Vor wenigen Tagen wurde dann bekannt, dass der FC Liverpool rund 130 Millionen Euro für Moisés Caicedo von Brighton bot - kein Weltklasse-Spieler. Der frühere BVB-Trainer gab zu: "Alles hat sich verändert. Gefällt mir das? Nein. Habe ich verstanden, dass ich falsch lag? Ja, absolut."

Diese irren Summen gehen nicht mehr für die besten Spieler der Welt über die Ladentheke, wie von 2009 bis 2016, als für Cristiano Ronaldo, Gareth Bale und Paul Pogba Weltrekord-Summen um die 100 Millionen Euro flossen. Und auch nicht mehr nur für gestandene Top-Akteure wie Coutinho, Antoine Griezmann, Ousmane Dembélé oder Romelu Lukaku - sondern für Spieler, die vor diesem Sommer einen Bruchteil davon wert gewesen wären. Doch der FC Chelsea und seine neuen US-Besitzer sowie Saudi-Arabien bringen den europäischen Markt völlig außer Kontrolle.

Natürlich könnte man argumentieren, dass der Transfermarkt aufgrund des "Neymar-Effekts", der 2017 für 222 Millionen vom FC Barcelona zu PSG ging, schon seit einiger Zeit völlig aus den Fugen geraten ist. Doch durch die leichte Ruhe während der Corona-Pandemie hatten wir alle die Hoffnung, dass dieser Wahnsinn endlich zumindest abflacht.

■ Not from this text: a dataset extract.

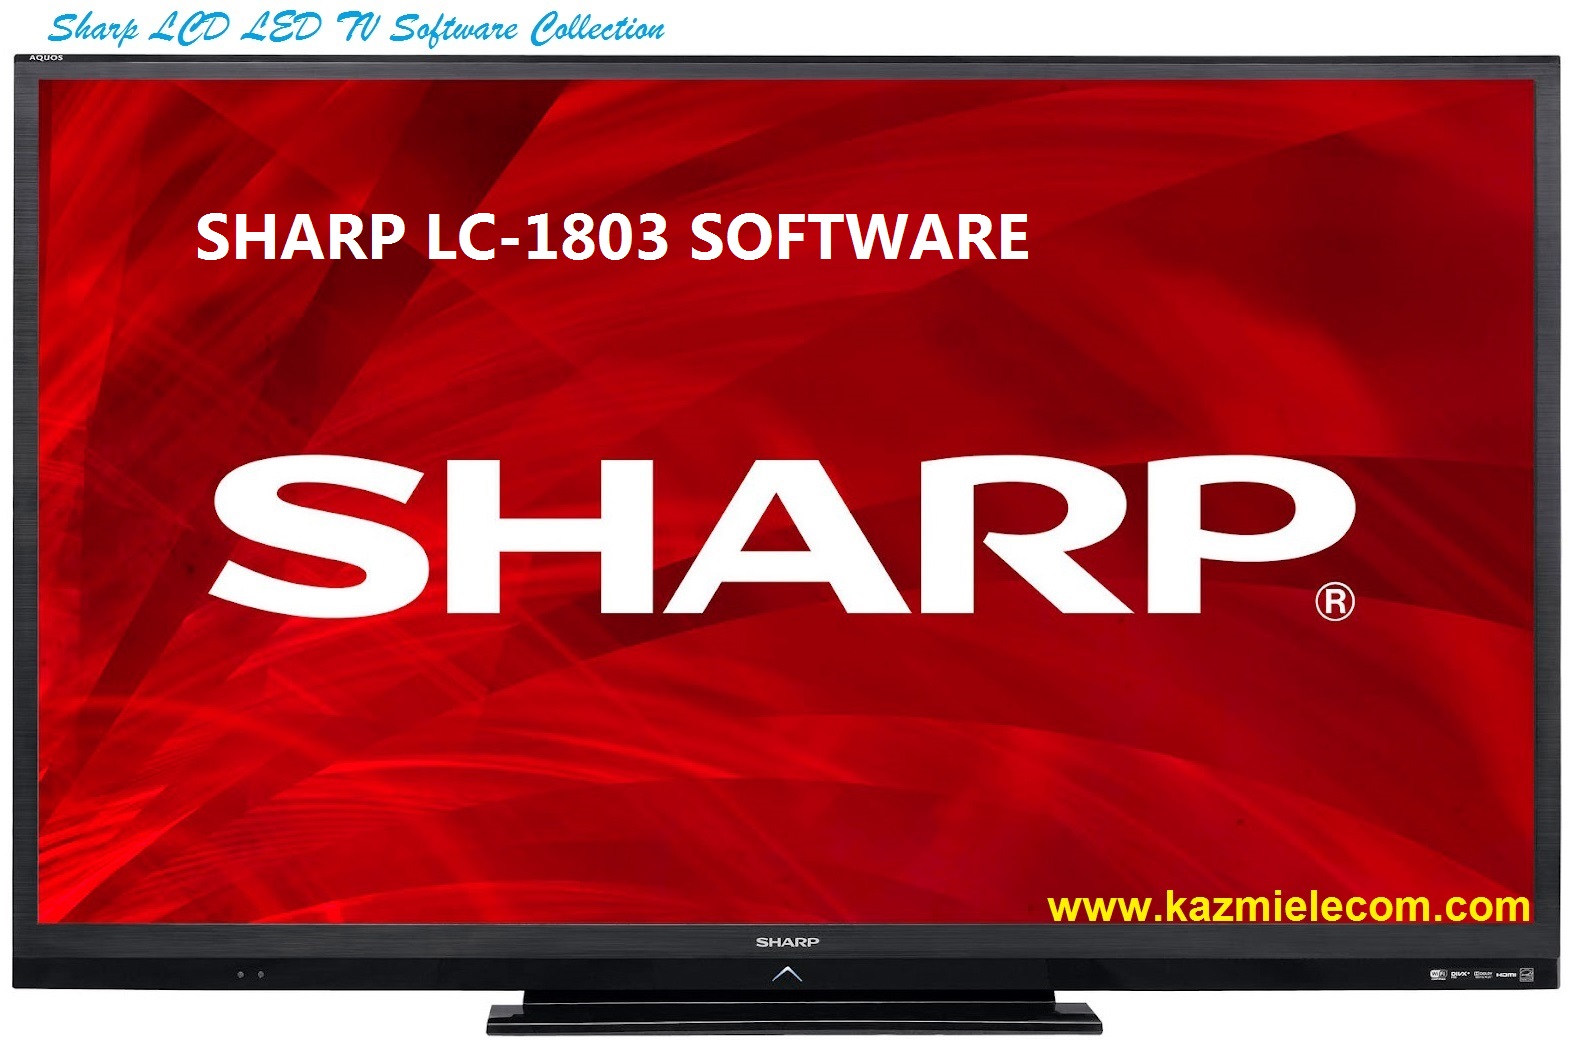 Sharp Lc-1803
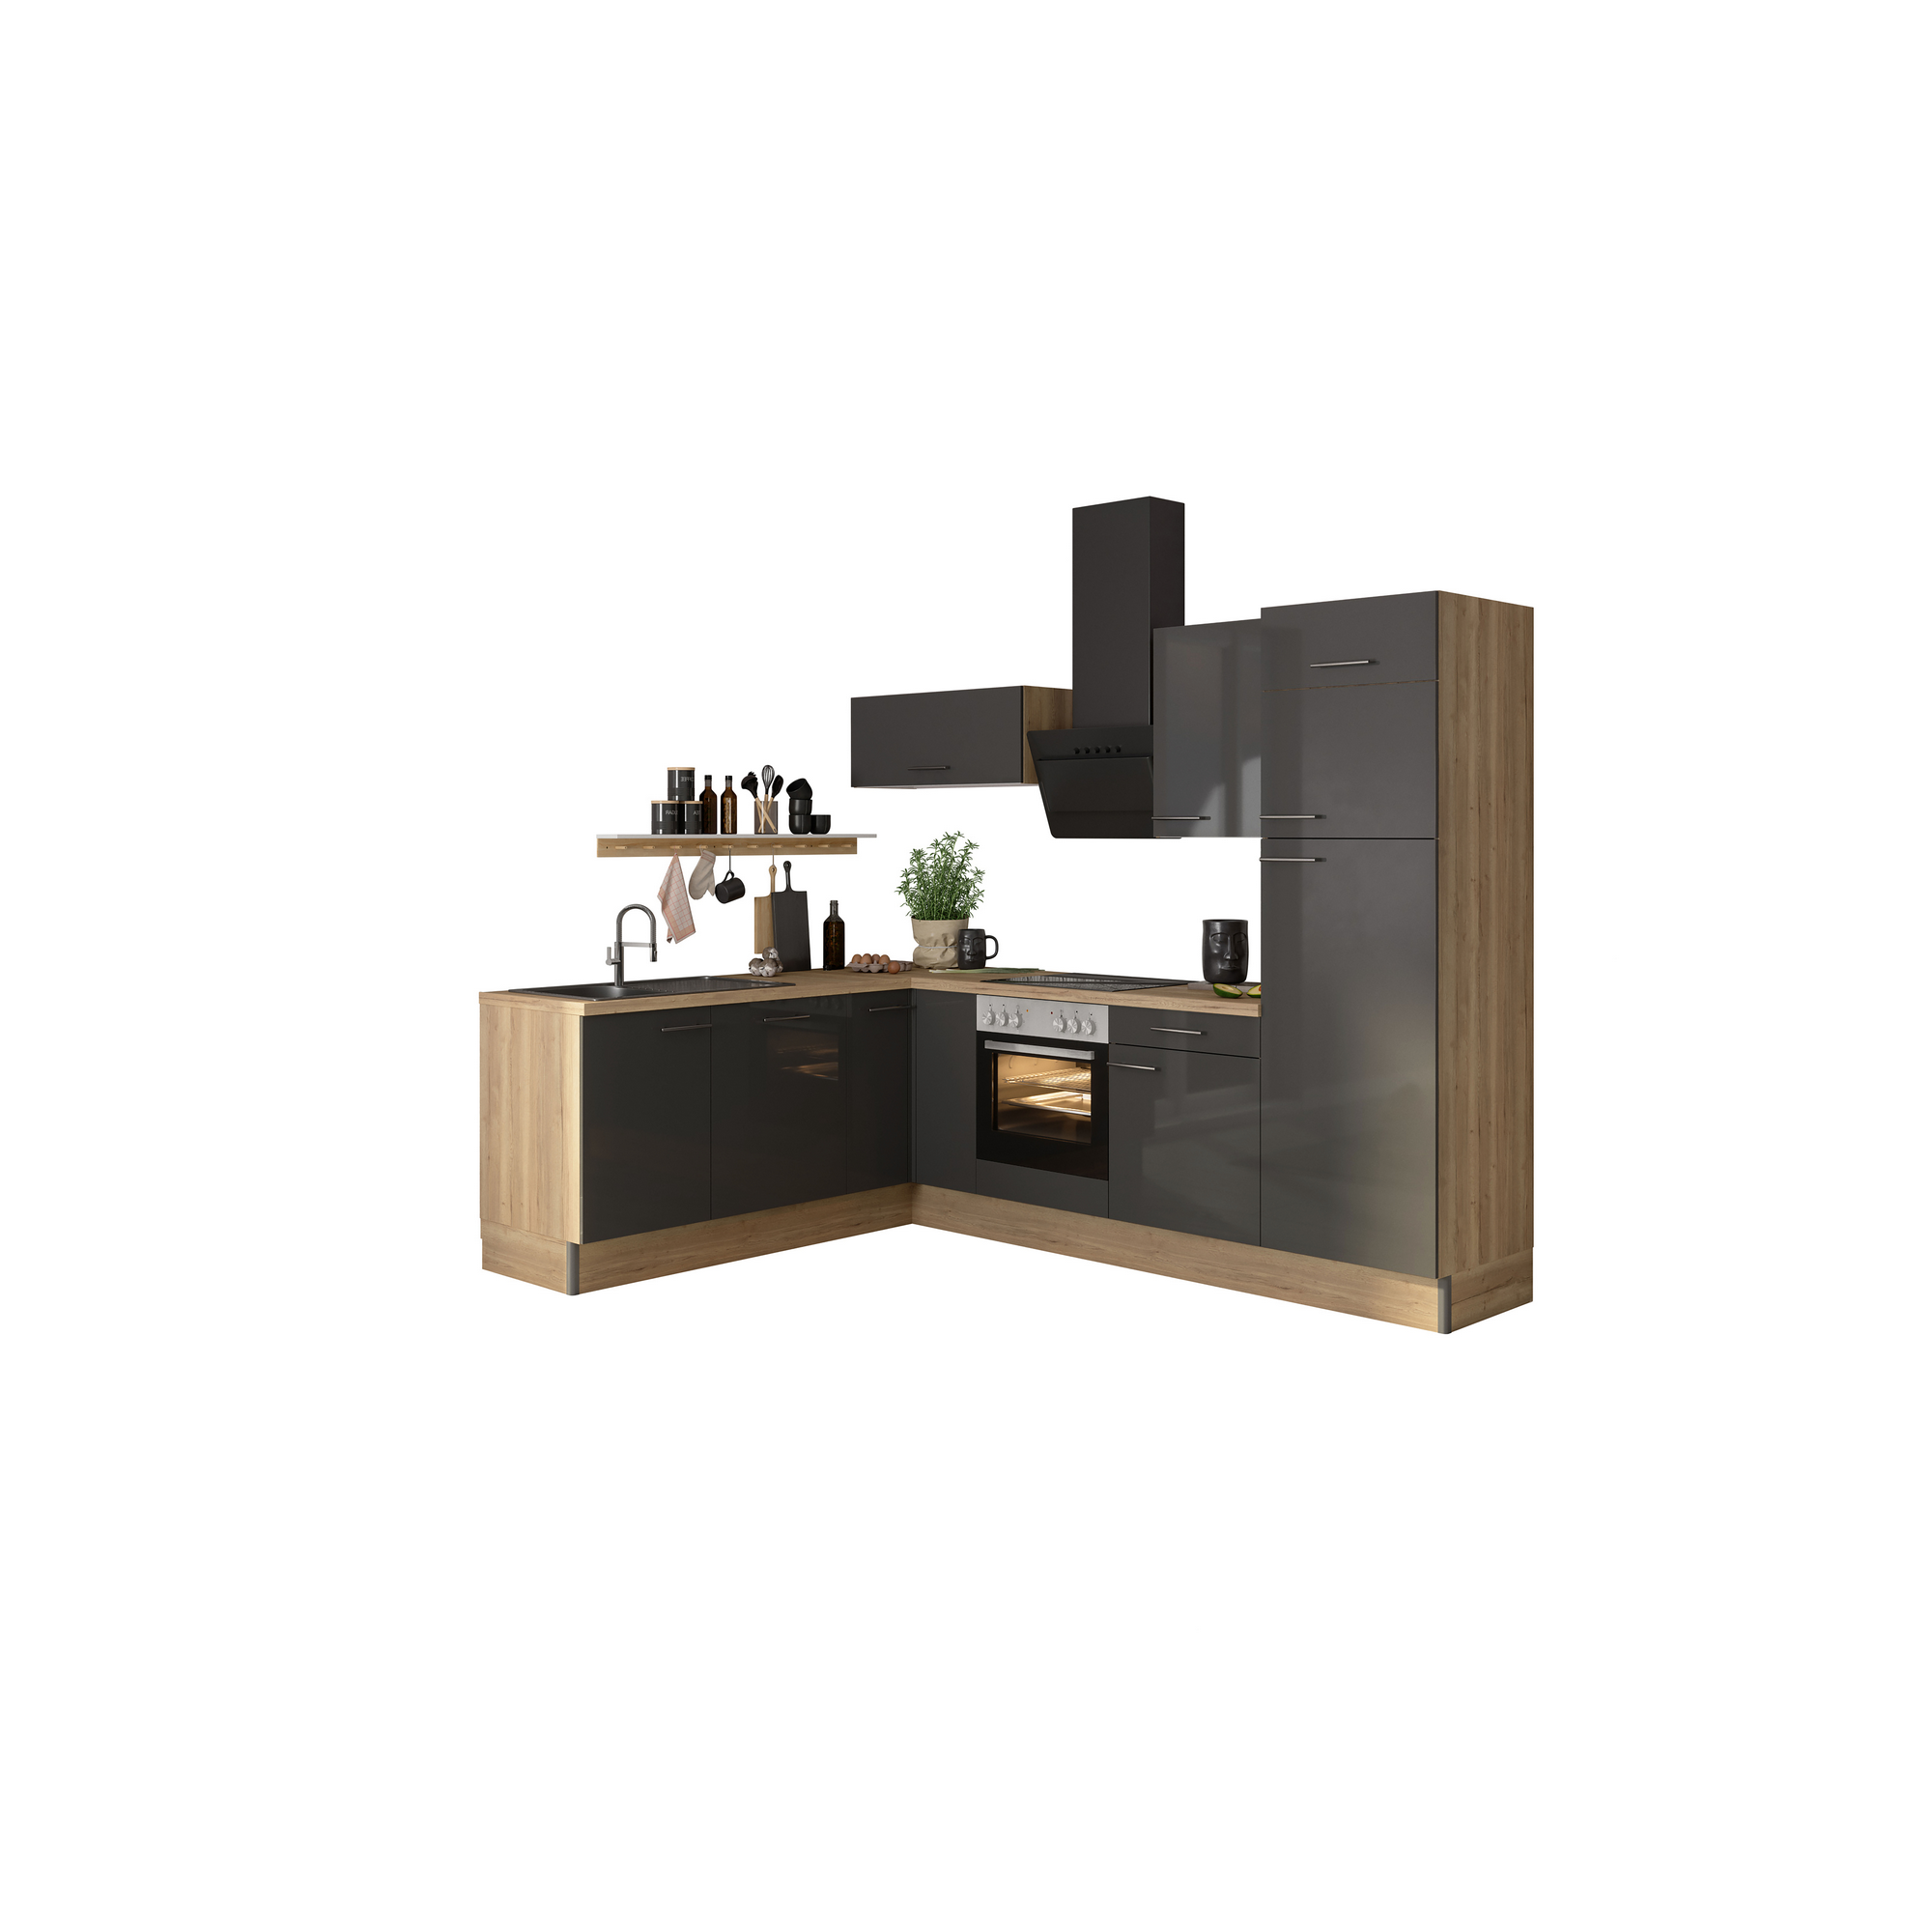 Winkelküche mit E-Geräten 'OPTIkoncept Jonte984' anthrazit/eichefarben 270 cm + product picture

Aber nichts da: Gerade in diesem Jahr 2023 hat der Transfermarkt eine neue, noch irrere Wendung genommen: Auch für nicht gestandene Spieler, die nicht Weltklasse, nicht einmal sehr gut sind, fließen jetzt die Mega-Summen. Der Unruhestifter heißt FC Chelsea, die UEFA lässt die Londoner damit davonkommen.

Und auch der FC Bayern München hat die legendäre 100-Millionen-Euro-Schallmauer nun durchbrochen.

Wie SPOX anhand der folgenden zehn Deals zeigt, ist der Markt völlig überhitzt. Davon lässt sich sogar Klopp anstecken.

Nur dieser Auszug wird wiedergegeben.